Retrieval-Augmented Generation (RAG) is a technique that enhances Large Language Models (LLMs) by retrieving relevant data from external sources to ground the model's responses in factual information. This guide covers the essential components of building a RAG system.

1. Introduction to Vector Database

A Vector Database (Vector DB) is a specialized database designed to store and manage high-dimensional vector embeddings. Unlike traditional relational databases that store rows and columns, or document databases that store JSON objects, vector databases are optimized for storing and querying vectors—lists of numbers that represent data (text, images, audio) in a multi-dimensional space.

Key Characteristics

  • High-Dimensional Indexing: Uses algorithms to index vectors for fast retrieval.
  • Similarity Search: Optimized to find vectors that are "closest" to a query vector, rather than exact matches.
  • Scalability: Built to handle millions or billions of embeddings.

Why use a Vector DB?

Traditional databases are great for exact keyword matching (e.g., WHERE name = 'John'). However, they struggle with "fuzzy" concepts. Vector DBs allow you to ask, "Find me items similar to this one," or "Find documents that talk about climate change," even if they don't use those exact words.

Semantic Search goes beyond keyword matching (lexical search) to understand the meaning and context behind a query. It uses vector embeddings to represent the semantic meaning of text.

How it Works

  1. Embedding: Both the search query and the documents in the database are converted into vector embeddings using the same embedding model (e.g., OpenAI text-embedding-3, HuggingFace models).
  2. Distance Calculation: The search engine calculates the distance/similarity between the query vector and document vectors in the vector space.
  3. Ranking: Documents are ranked based on their closeness to the query vector.
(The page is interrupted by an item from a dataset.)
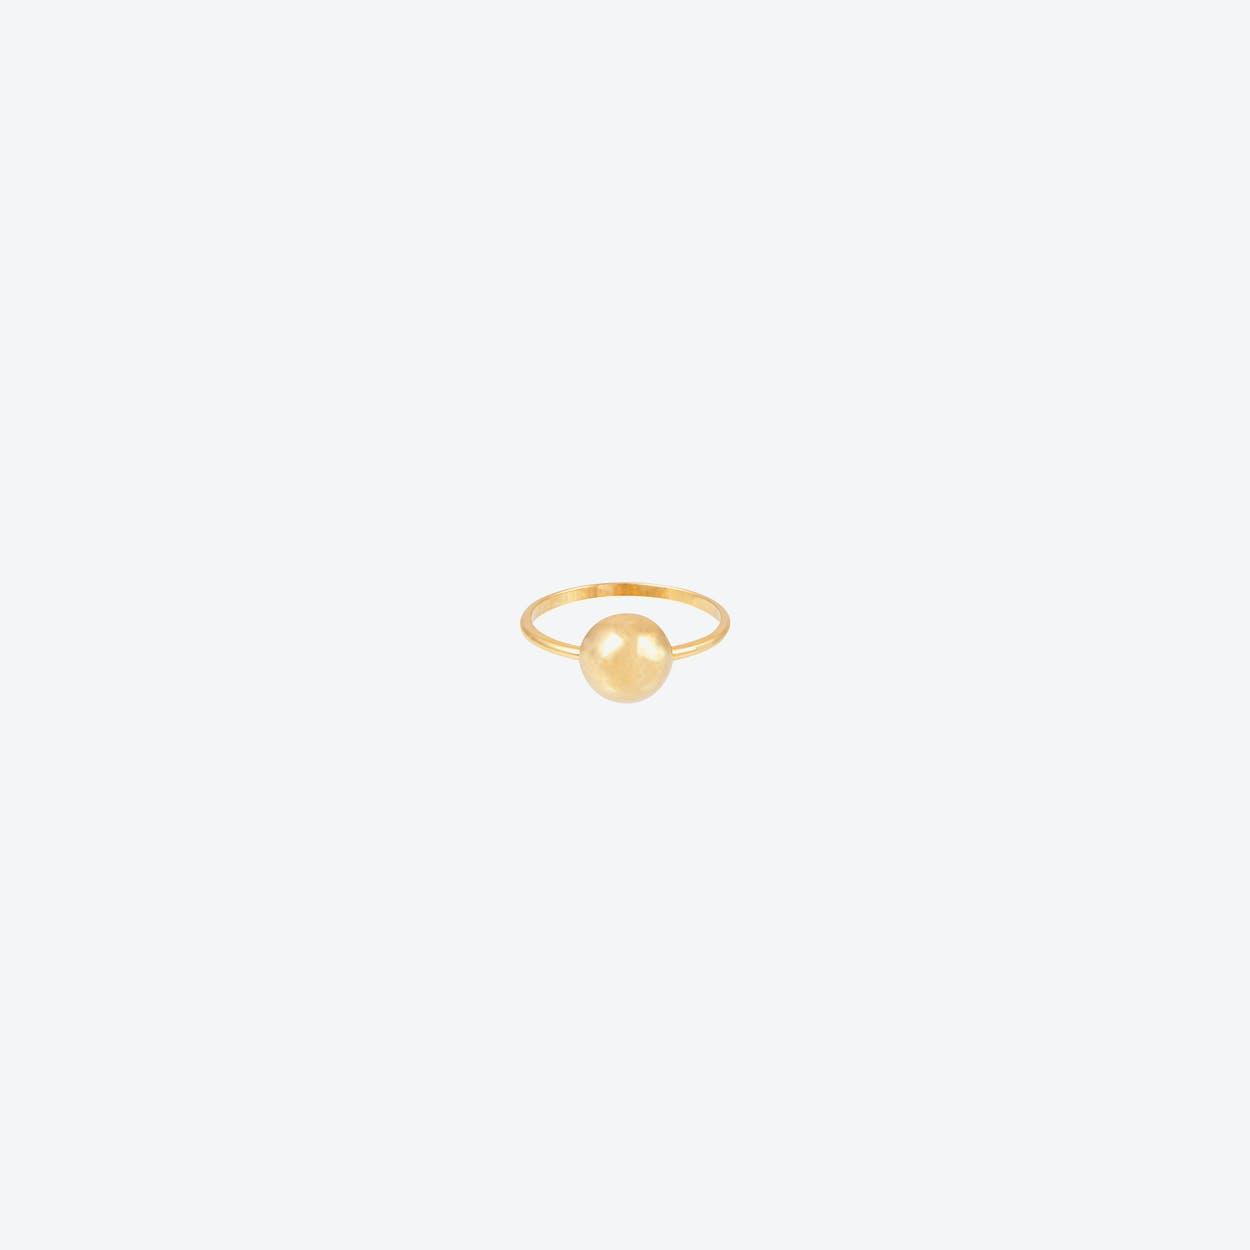 Half Ball Gold Ring

Closer vectors = higher semantic similarity.
FeatureKeyword Search (Lexical)Semantic Search (Vector)
MechanismMatches exact words/tokensMatches meaning/concepts
ContextIgnores context; sensitive to typosUnderstands context and intent
SynonymsFails unless explicitly mappedHandles synonyms naturally (e.g., "car" ~ "vehicle")
Use CaseSpecific terms (IDs, names)Conceptual queries, Q&A

3. Storing Embeddings

To build a RAG system, you first need to generate embeddings for your data and store them in a Vector DB.

Process

  1. Load Data: Read your source documents.
  2. Chunking: Split text into smaller, manageable pieces (see Chunking section).
  3. Embed: Pass chunks through an embedding model.
  4. Upsert: Save the chunk text, metadata, and generated vector to the DB.

Code Example (Python)

Here is an example using LangChain and ChromaDB (a popular open-source vector store).

import os
from langchain_community.document_loaders import TextLoader
from langchain_text_splitters import RecursiveCharacterTextSplitter
from langchain_openai import OpenAIEmbeddings
from langchain_chroma import Chroma

# 1. Load Data
loader = TextLoader("./knowledge_base.txt")
documents = loader.load()

# 2. Chunk Data
text_splitter = RecursiveCharacterTextSplitter(
    chunk_size=1000,
    chunk_overlap=200
)
splits = text_splitter.split_documents(documents)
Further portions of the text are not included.